Working on the site is also Petr Krištuf from the University of West Bohemia, who was part of the team that, last year, found a 6,000 year old, 90 metre long and 25 metre wide burial mound in what was perhaps the best preserved burial monument of its type ever found on Czech territory.
This year his team is working on a considerably smaller 3x2 metre mound. However, he says that they are still proud of the work they have conducted this summer.
“We managed to prove that the mound was indeed here and that there were even hollow spaces inside which you could enter. The mound was also clearly identifiable in the landscape hundreds, if not thousands of years later, because the people that inhabited this area would still bury their dead inside even a thousand years after it was built. That’s why it must have been identifiable, even though today we cannot see it anymore.”
Nearby lies a much larger mound with a length of around 120 metres. It housed the grave of a crouching man, says Krištuf, whose team also found something unusual during their excavation
“Along the burial pit there were around 11 stone arrowheads. We are now documenting their orientation and placement in order to find out whether they had been placed there intentionally or if they were, for example, shot into the pit as part of some sort of ritual.”

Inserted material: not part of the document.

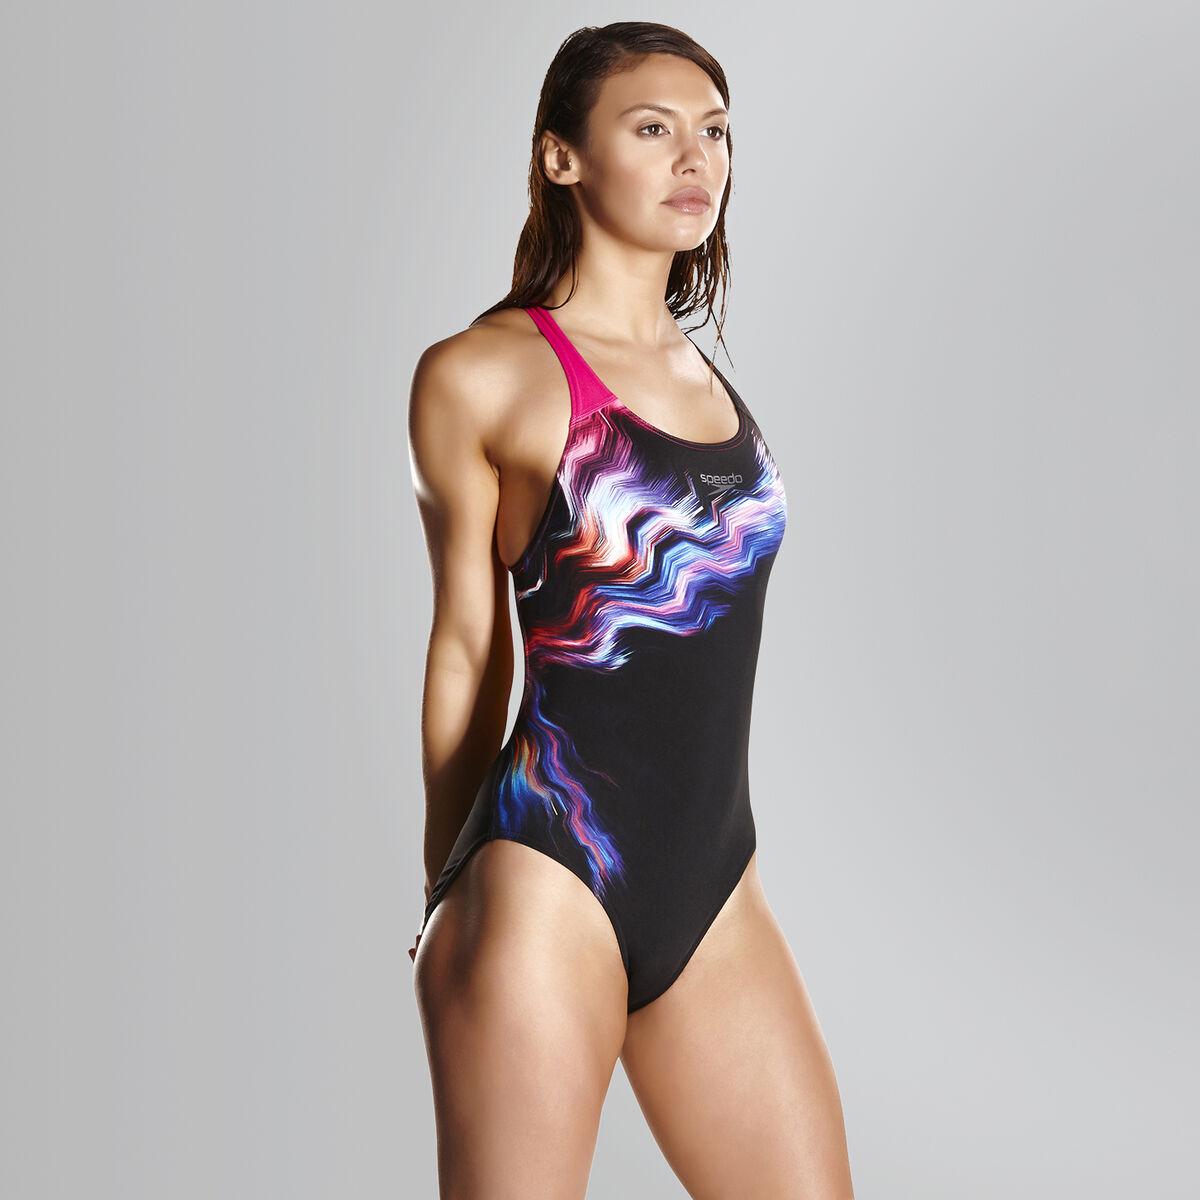 Lunar Vision Powerback Swimsuit
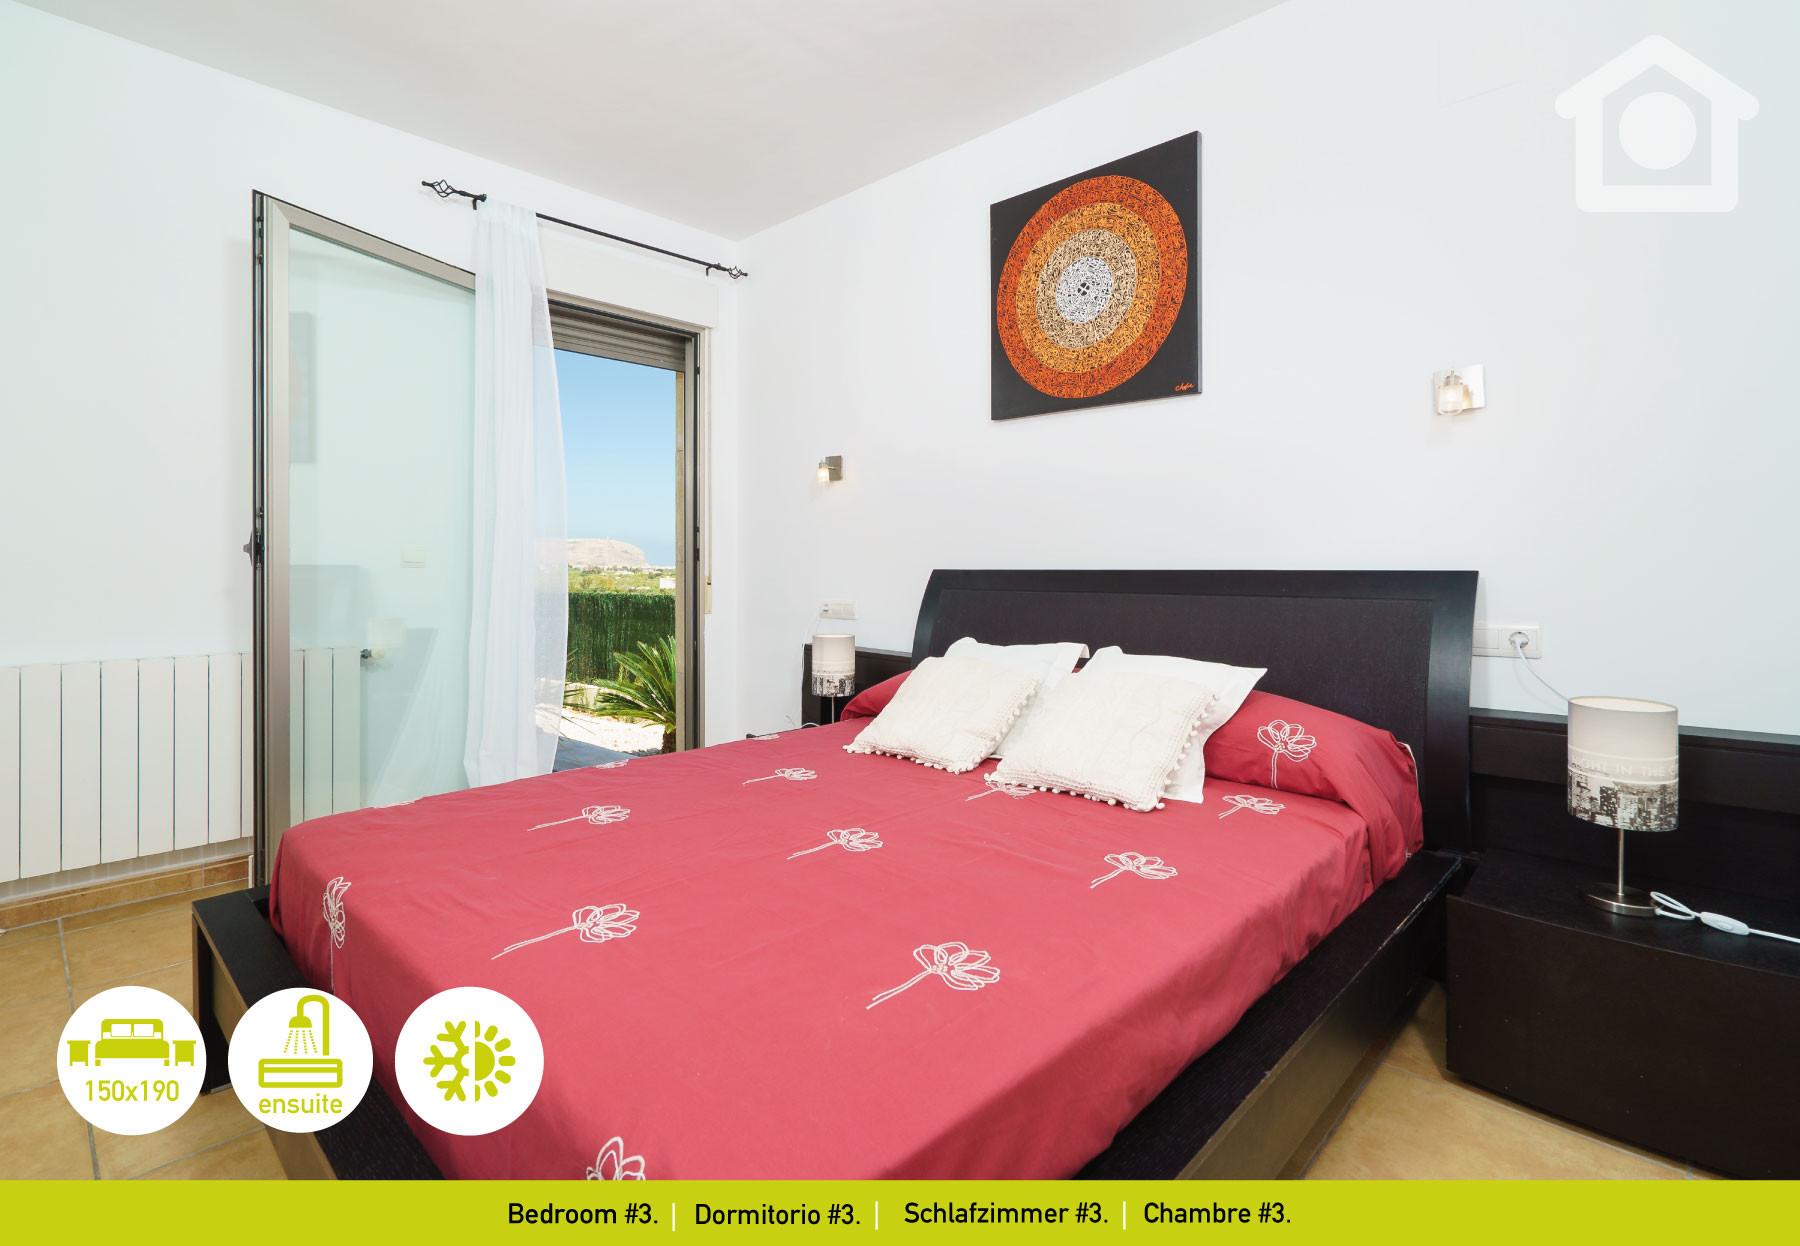 10 modern schlafzimmer bank designs, villas in javea / xàbia - solhabitat javea holidays, Design ideen

While the area surrounding Rip has become a rich site for archaeologists, the hill itself remains yet to be excavated. The reason why, says Krištuf, is because todays surface of the hill was added artificially only very recently.
“When the local Lobkowitz family decided to afforest the hill, they brought earth that was not from this area. So, while a few discoveries of stone artefacts have been made there, we have no way of knowing whether they are actually from Říp.”